REQUIREMENT:
Write out exactly the lines below starting at the one containing "Cartel de La" and ending at the one containing "Fischmarkt, Deira, Dubai, Vereinigte". Omit every picture.
MATERIAL FOR THIS TASK START
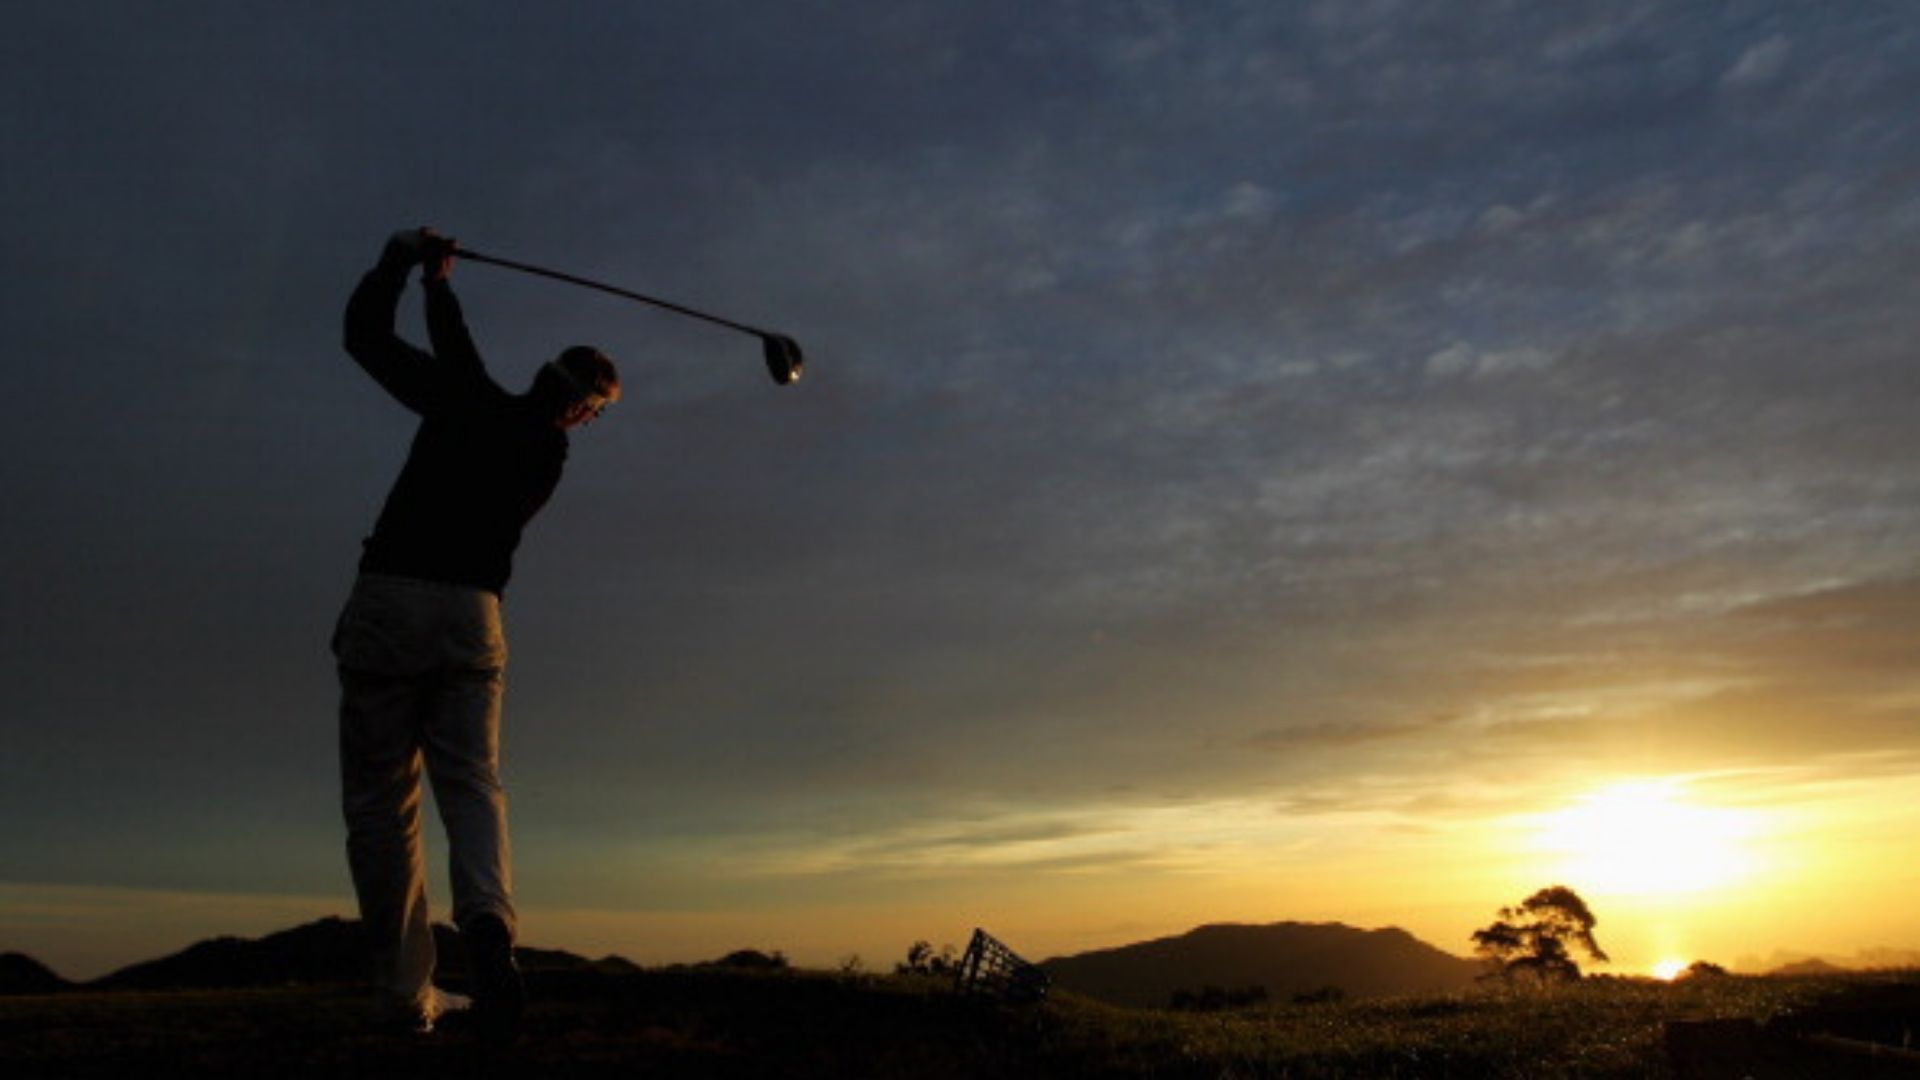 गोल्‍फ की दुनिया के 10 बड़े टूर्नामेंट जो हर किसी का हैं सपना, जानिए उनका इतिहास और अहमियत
MATERIAL FOR THIS TASK END
MATERIAL FOR THIS TASK START
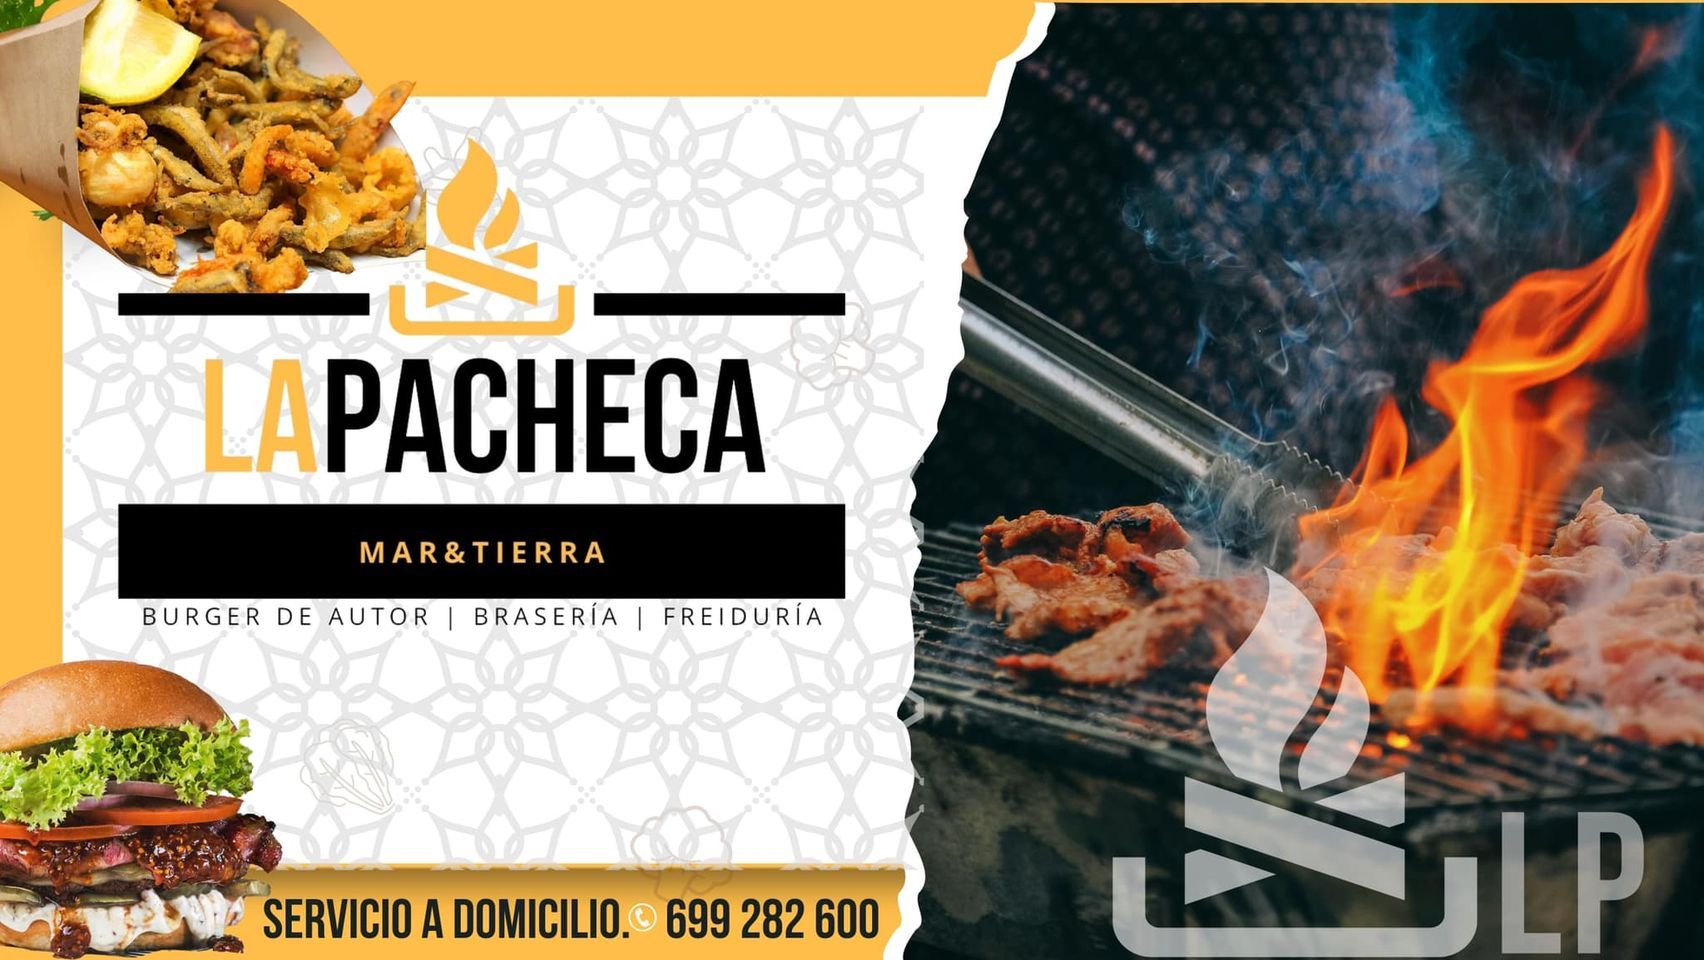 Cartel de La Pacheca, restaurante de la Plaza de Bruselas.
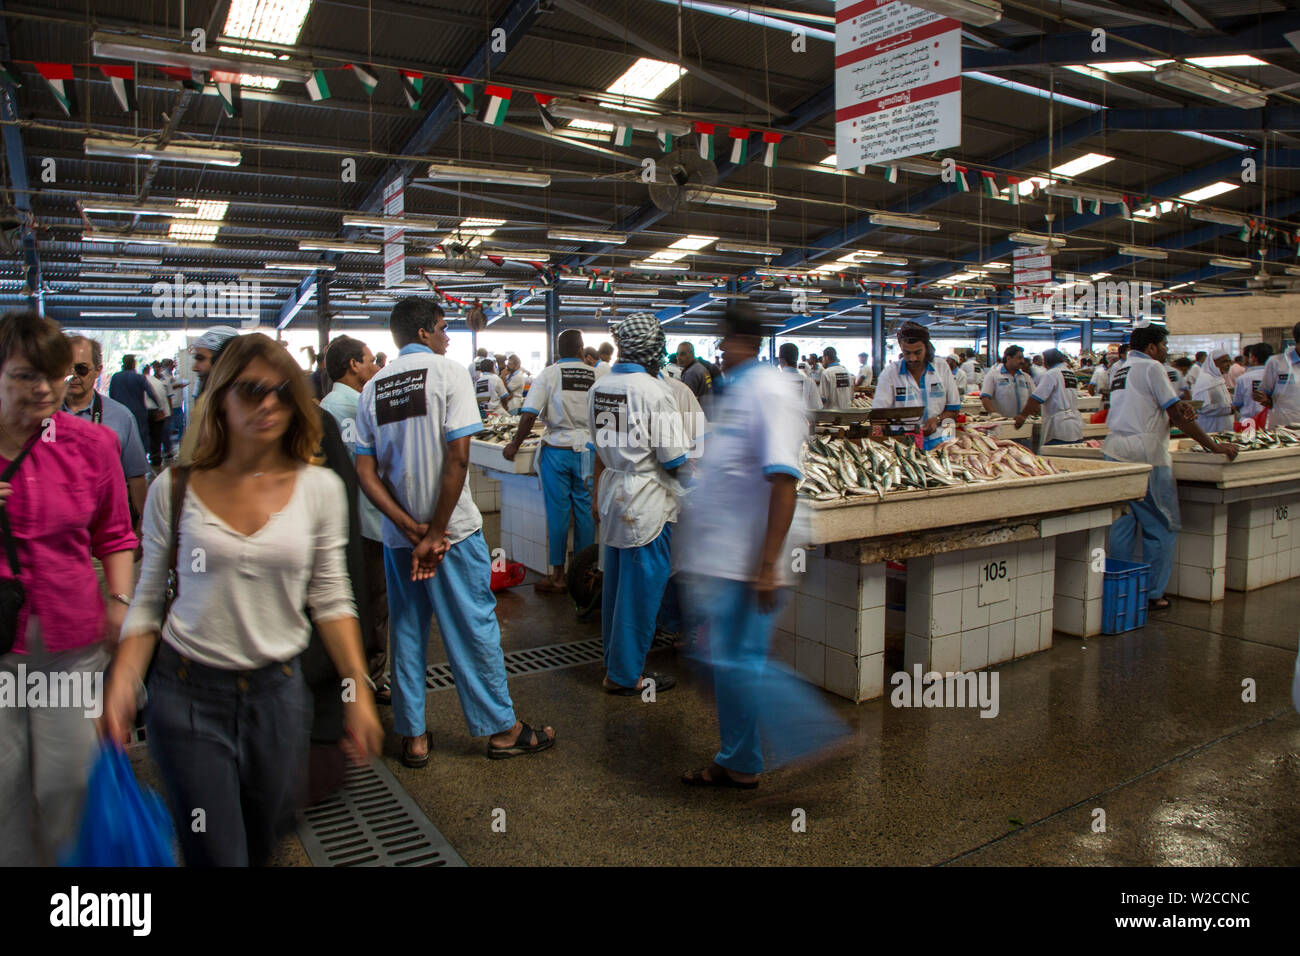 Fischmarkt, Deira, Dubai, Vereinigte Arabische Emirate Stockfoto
MATERIAL FOR THIS TASK END
MATERIAL FOR THIS TASK START
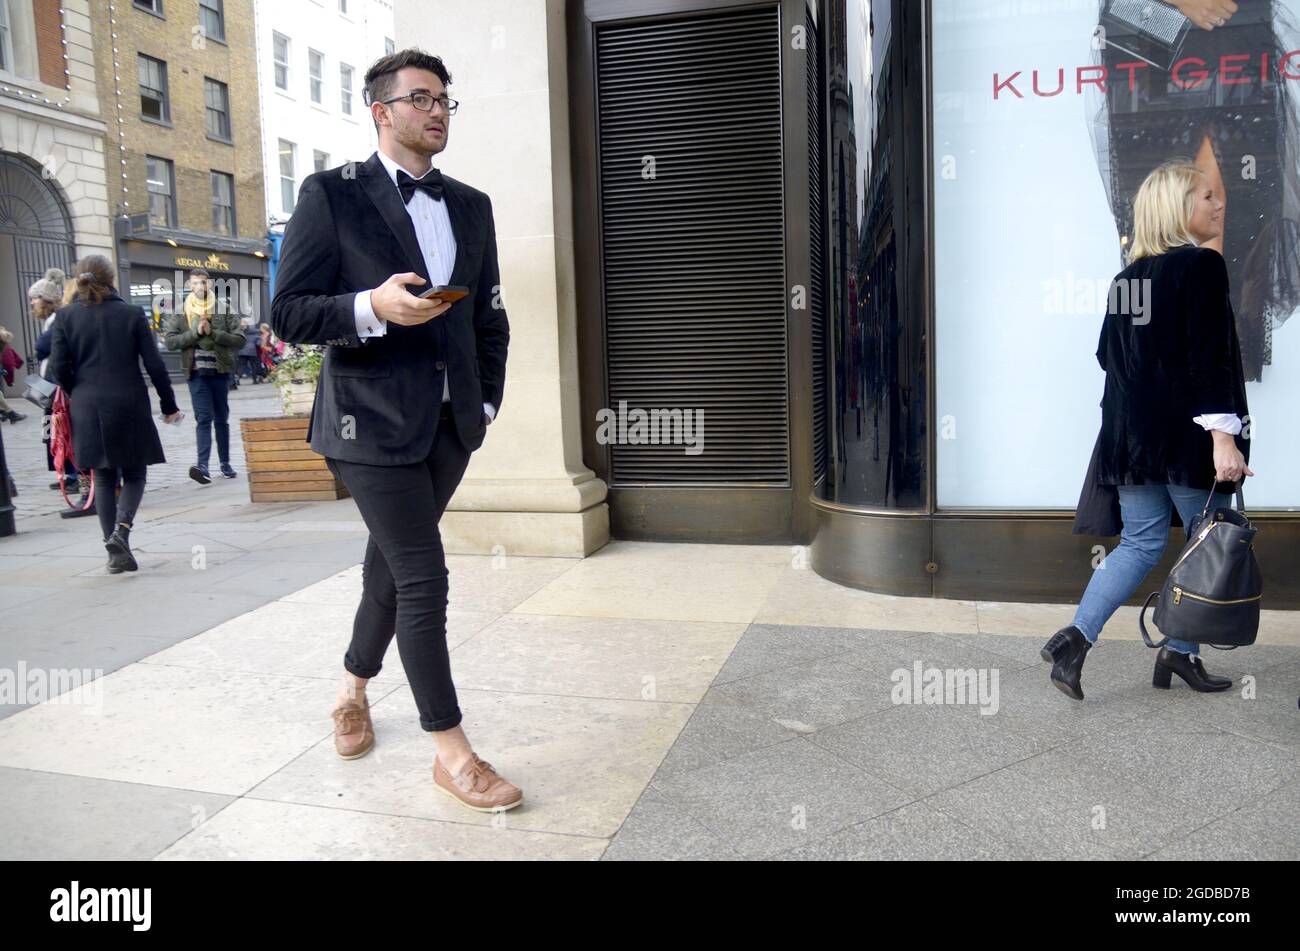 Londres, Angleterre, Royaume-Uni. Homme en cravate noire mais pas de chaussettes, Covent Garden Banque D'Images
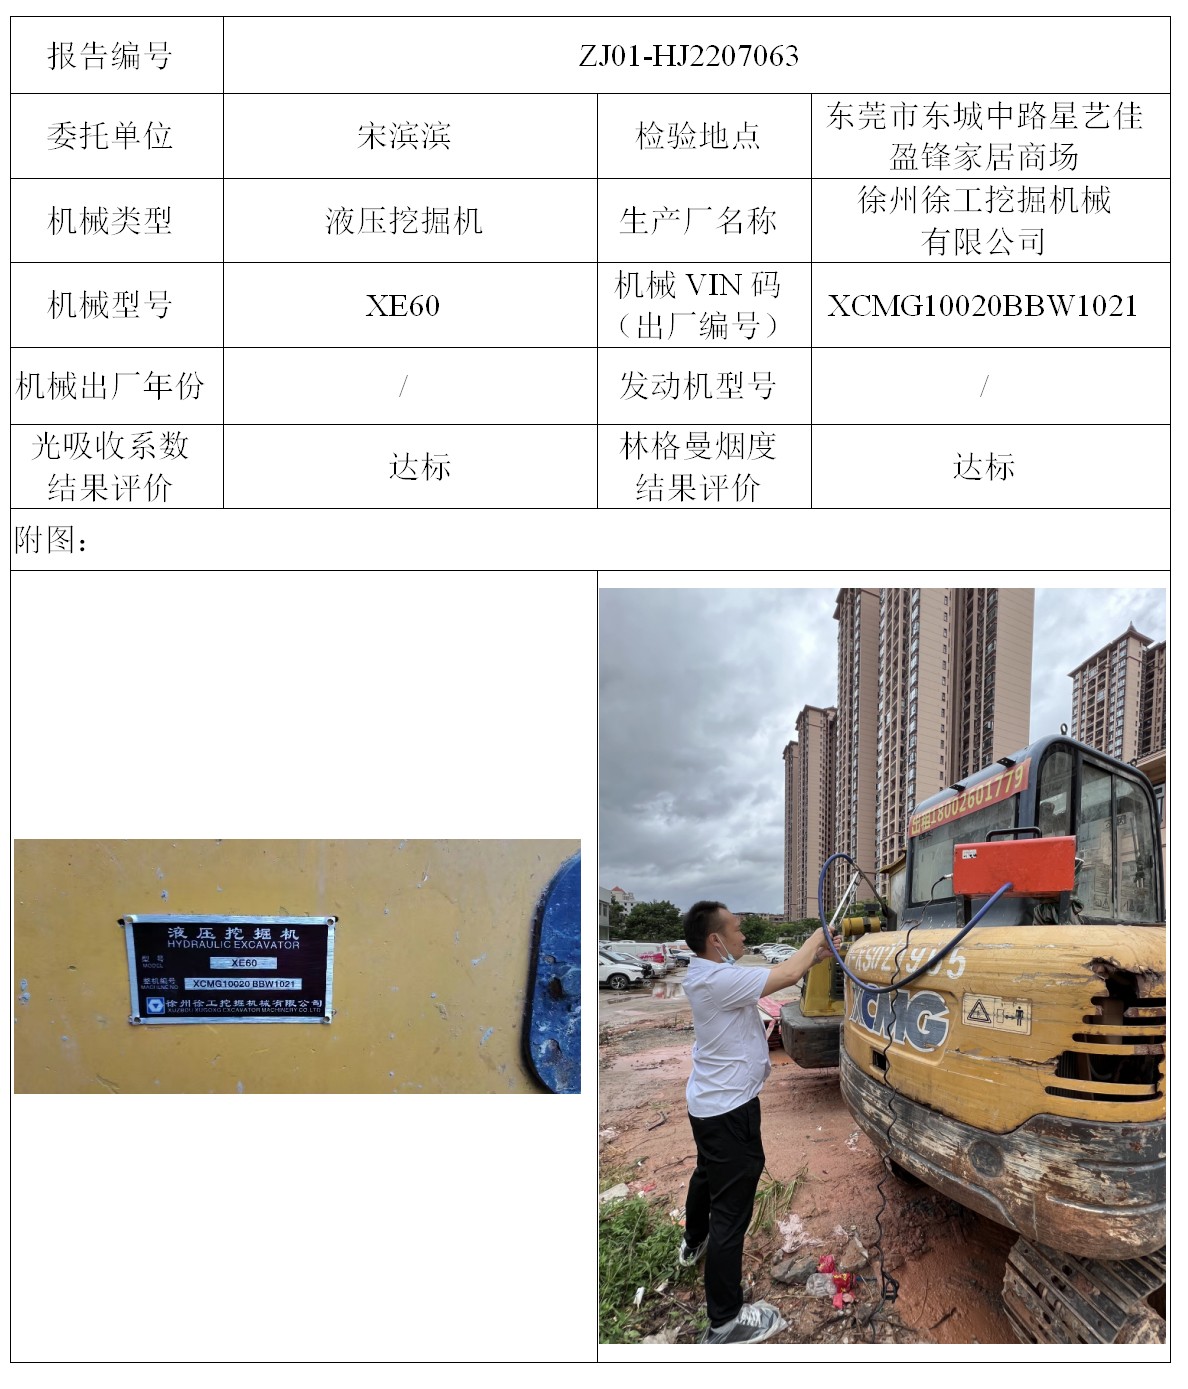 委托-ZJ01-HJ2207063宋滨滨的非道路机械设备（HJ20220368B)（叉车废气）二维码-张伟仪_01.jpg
MATERIAL FOR THIS TASK END
WRITTEN ANSWER:
 Cartel de La Pacheca, restaurante de la Plaza de Bruselas.
 Fischmarkt, Deira, Dubai, Vereinigte Arabische Emirate Stockfoto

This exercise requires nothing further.